Phase 6 — Benchmark Logging and Gate Check
6.1 Benchmark log
After every eval run, append to skills/<skill-name>/benchmark-log.md:
## Run: <ISO-8601 timestamp>
**Method:** <tessl-cli | llm-as-judge> | **Model:** <model-name>
| Scenario | Baseline | With Skill | Delta |
|----------|----------|------------|-------|
| <name> | <score> | <score> | <+/-N> |
**Changes applied:** <summary of edits, or "Initial evaluation">
---
Create the file if it doesn't exist. Always append — never overwrite.
6.2 Gate check
- Negative delta on any scenario: WARN — "Scenario '' regressed by points. Review the last set of changes."
- Any criterion at 0% with skill enabled: WARN — "Criterion '' in '' scored 0 with the skill active. The skill may be actively interfering."
- All deltas positive and ≥10 points: PASS — "All scenarios show meaningful improvement."
Warnings do not block.
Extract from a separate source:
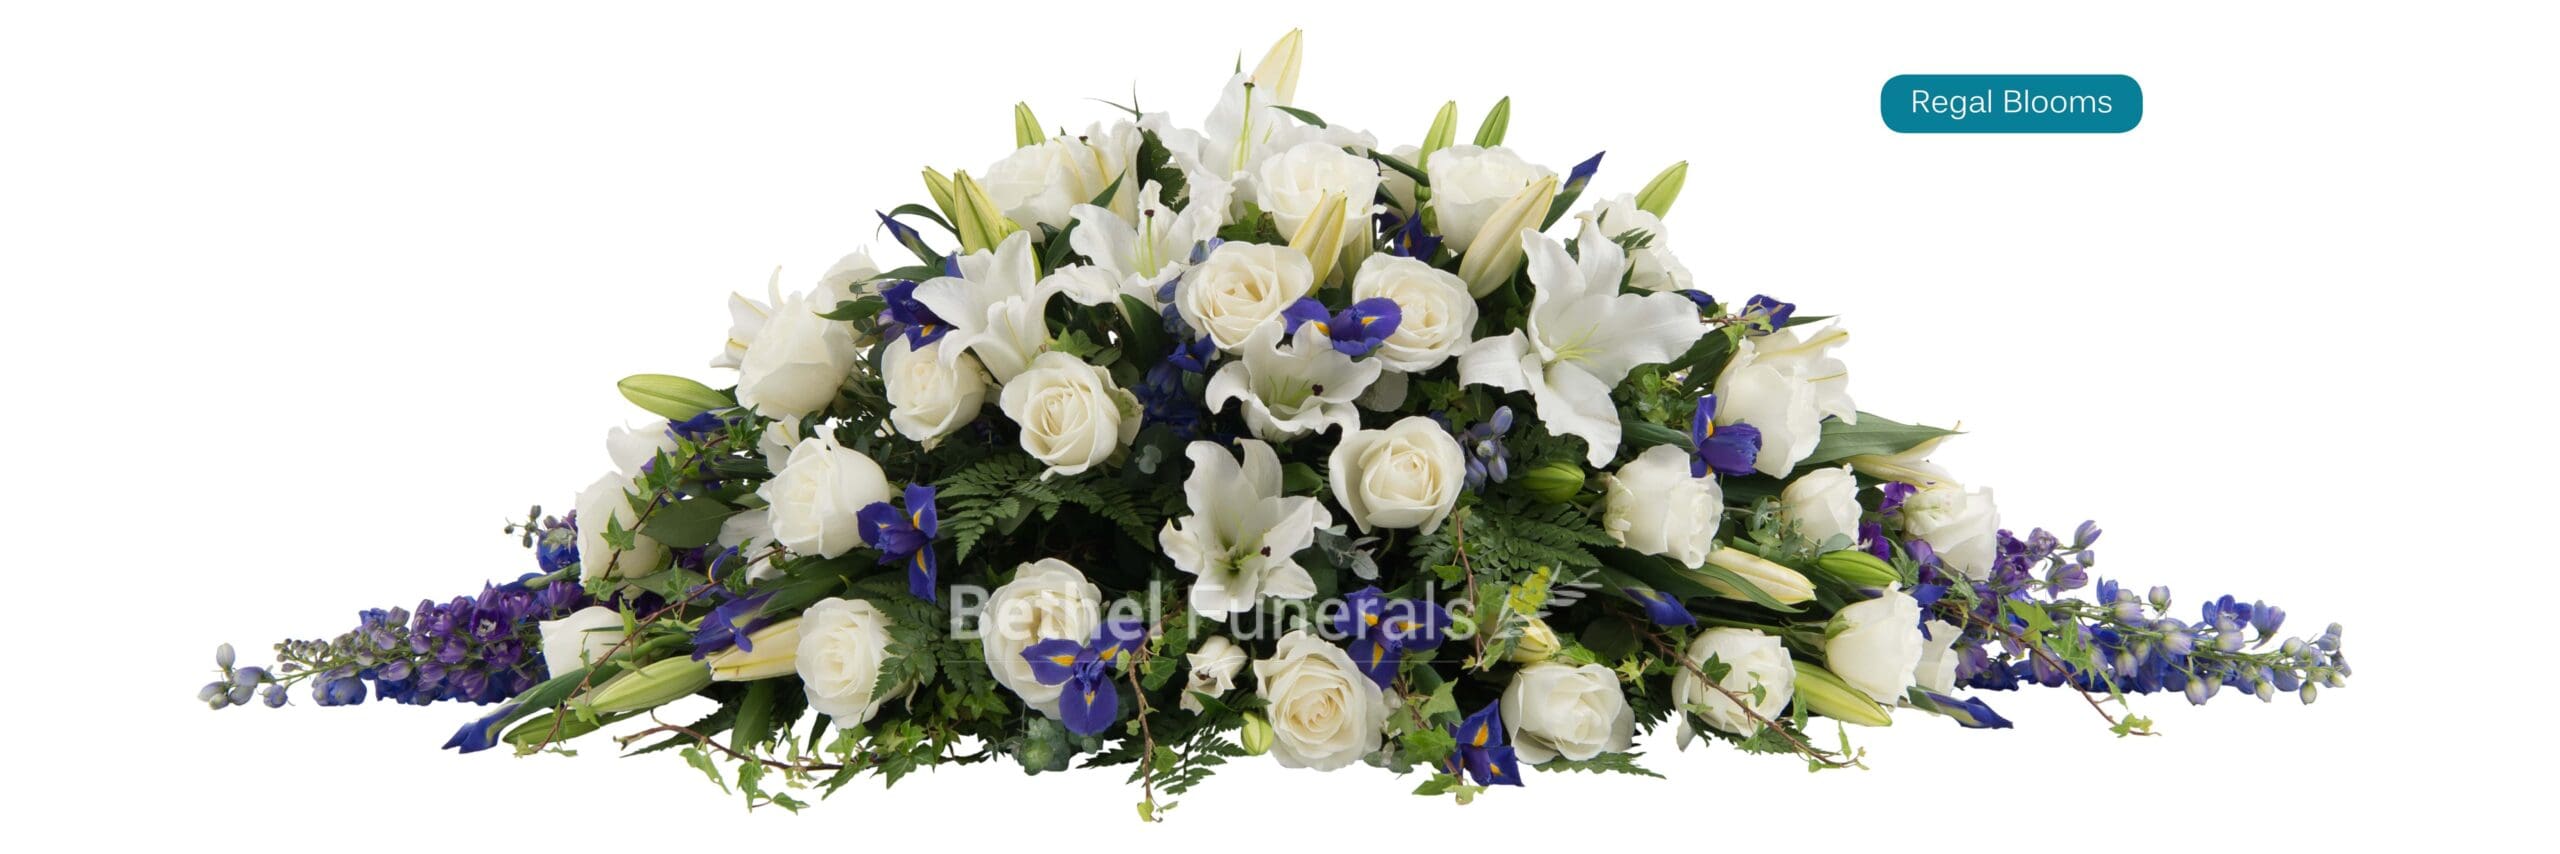 Regal Blooms funeral flowers

If warnings exist, offer to run another optimization cycle (return to Phase 5).
Integrated example
User says: "Create a skill for writing git commit messages"
Interview summary → decision map:
| # | Answer |
|---|
| 1 | "Generate conventional commit messages from staged diffs" |
| 2 | Developers |
| 3 | Code generation |
| 4 | Read staged diff; use Conventional Commits format; keep subject ≤72 chars; include body for non-trivial changes |
| 5 | Never fabricate changes not in the diff; never use vague subjects like "update code" |
| 6 | "commit message, write commit, git commit, conventional commit" |
| 7 | Structured message |
| 8 | No companion files |
| 9 | Bash (for git diff --staged) |
| 10 | Generate scenarios |
Scaffold produced:
skills/commit-message/
├── SKILL.md # Frontmatter with triggers, non-negotiables, format rules, integrated example
├── tile.json # oh-my-ai/commit-message, v1.0.0
└── evals/
├── simple-feature-commit/
│ ├── task.md # "Given this staged diff adding a login form..."
│ └── criteria.json # Tests: conventional format, subject length, body presence
└── noisy-multi-file-commit/
├── task.md # "Given this large diff touching 8 files..."
└── criteria.json # Tests: focus, not fabricating, correct scope
Repo integration: README row added (alphabetically); CI matrix updated.
Anti-patterns
- Generating SKILL.md before the interview is complete.
- Producing a skill with a description that lacks explicit trigger terms.
- Writing eval criteria that don't sum to 100.
- Proposing vague optimization suggestions instead of specific before/after edits.
- Modifying skill files during eval execution (
tessl eval run / judge runs) or overwriting previous benchmark-log.md entries.
- Running
tessl skill review in the middle of Phase 4, or guessing a scenario generation id instead of parsing CLI output.
- Skipping the lint check after scaffold generation, or inserting duplicate rows in README or the CI matrix.
- Adding or editing
skills-lock.json when scaffolding a first-party skill under skills/.